Re: [PATCH v3] libnvdimm, region: sysfs trigger for nvdimm_flush()

From: Dan Williams
Date: Thu Apr 27 2017 - 16:02:52 EST


On Thu, Apr 27, 2017 at 12:40 PM, Jeff Moyer <jmoyer@xxxxxxxxxx> wrote:
> Dan Williams <dan.j.williams@xxxxxxxxx> writes:
>
>> On Thu, Apr 27, 2017 at 11:41 AM, Jeff Moyer <jmoyer@xxxxxxxxxx> wrote:
>>> Dan Williams <dan.j.williams@xxxxxxxxx> writes:
>>>
>>>>> The sentiment is that programs shouldn't have to grovel around in sysfs
>>>>> to do stuff related to an open file descriptor or mapping. I don't take
>>>>> issue with the name. I do worry that something like 'wpq_drain' may be
>>>>> too platform specific, though. The NVM Programming Model specification
>>>>> is going to call this "deep flush", so maybe that will give you
>>>>> some inspiration if you do want to change the name.
>>>>
>>>> I'll change to "deep_flush", and I quibble that this is related to a
>>>> single open file descriptor or mapping. It really is a "region flush"
>>>> for giving extra protection for global metadata, but the persistence
>>>> of individual fds or mappings is handled by ADR. I think an ioctl
>>>> might give the false impression that every time you flush a cacheline
>>>> to persistence you need to call the ioctl.
>>>
>>> fsync, for example, may affect more than one fd--all data in the drive
>>> write cache will be flushed. I don't see how this is so different. I
>>> think a sysfs file is awkward because it requires an application to
>>> chase down the correct file in the sysfs hierarchy. If the application
>>> already has an open fd or a mapping, it should be able to operate on
>>> that.
>>
>> I'm teetering, but still leaning towards sysfs. The use case that
>> needs this is device-dax because we otherwise silently do this behind
>> the application's back on filesystem-dax for fsync / msync.
>
> We may yet get file system support for flush from userspace (NOVA, for
> example). So I don't think we should restrict ourselves to only
> thinking about the device dax use case.
>
>> A device-dax ioctl would be straightforward, but 'deep flush' assumes
>> that the device-dax instance is fronting persistent memory. There's
>> nothing persistent memory specific about device-dax except that today
>> only the nvdimm sub-system knows how to create them, but there's
>> nothing that prevents other memory regions from being mapped this way.
>
> You're concerned that applications operating on device dax instances
> that are not backed by pmem will try to issue a deep flush? Why would
> they do that, and why can't you just return failure from the ioctl?
>
>> So I'd rather this persistent memory specific mechanism stay with the
>> persistent memory specific portion of the interface rather than plumb
>> persistent memory details out through the generic device-dax interface
>> since we have no other intercept point like we do in the
>> filesystem-dax case to hide this flush.
>
> Look at the block layer. You can issue an ioctl on a block device, and
> if the generic block layer can handle it, it does. If not, it gets
> passed down to lower layers until either it gets handled, or it bubbles
> back up because nobody knew what to do with it. I think you can do the
> same thing here, and that solves your layering violation.

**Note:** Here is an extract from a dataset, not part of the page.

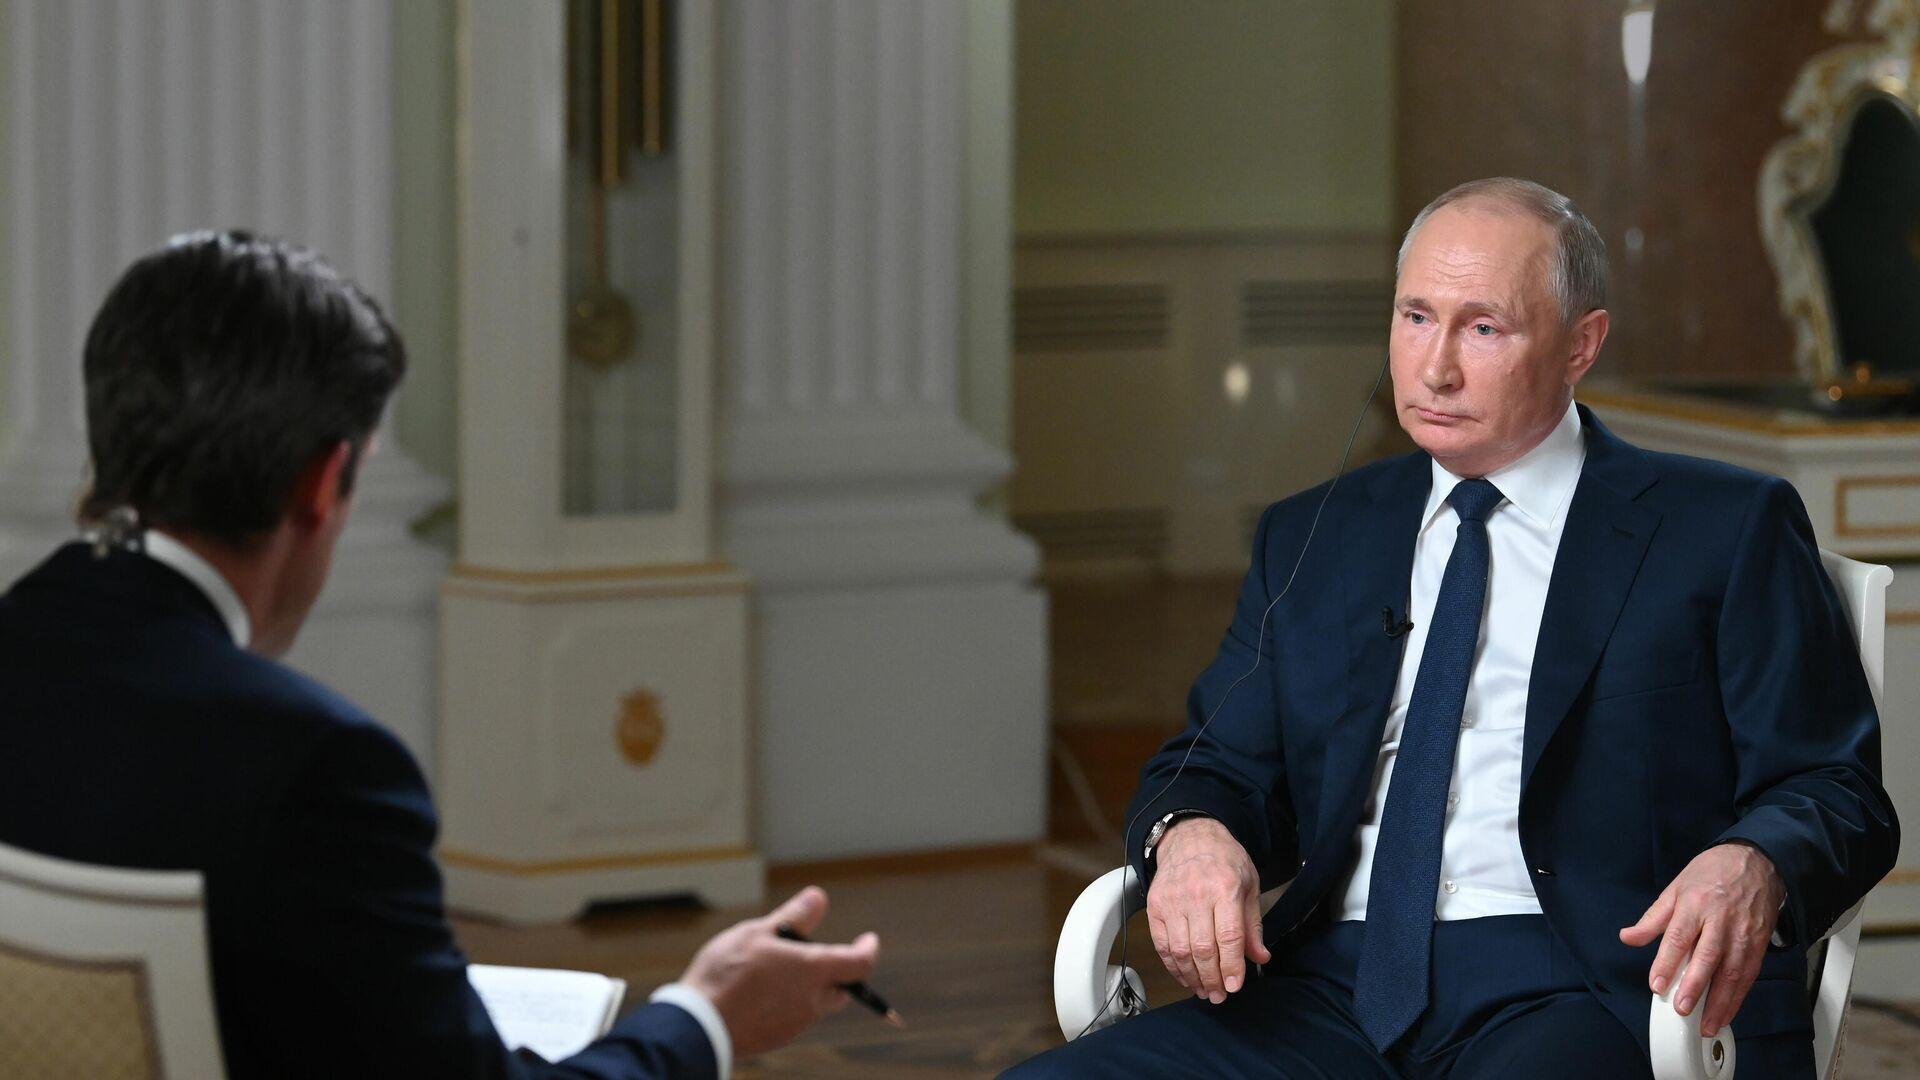 Президент РФ Владимир Путин отвечает на вопросы журналиста телекомпании NBC - РИА Новости, 1920, 15.06.2021

So this is where I started. I was going to follow the block layer.
Except recently the block layer has been leaning away from ioctls and
implementing support for syscalls directly. The same approach for
device-dax fallocate() support got NAKd, so I opted for sysfs out of
the gate.

However, since there really is no analog for "deep flush" in the
syscall namespace lets (*gag*) implement an ioctl for this.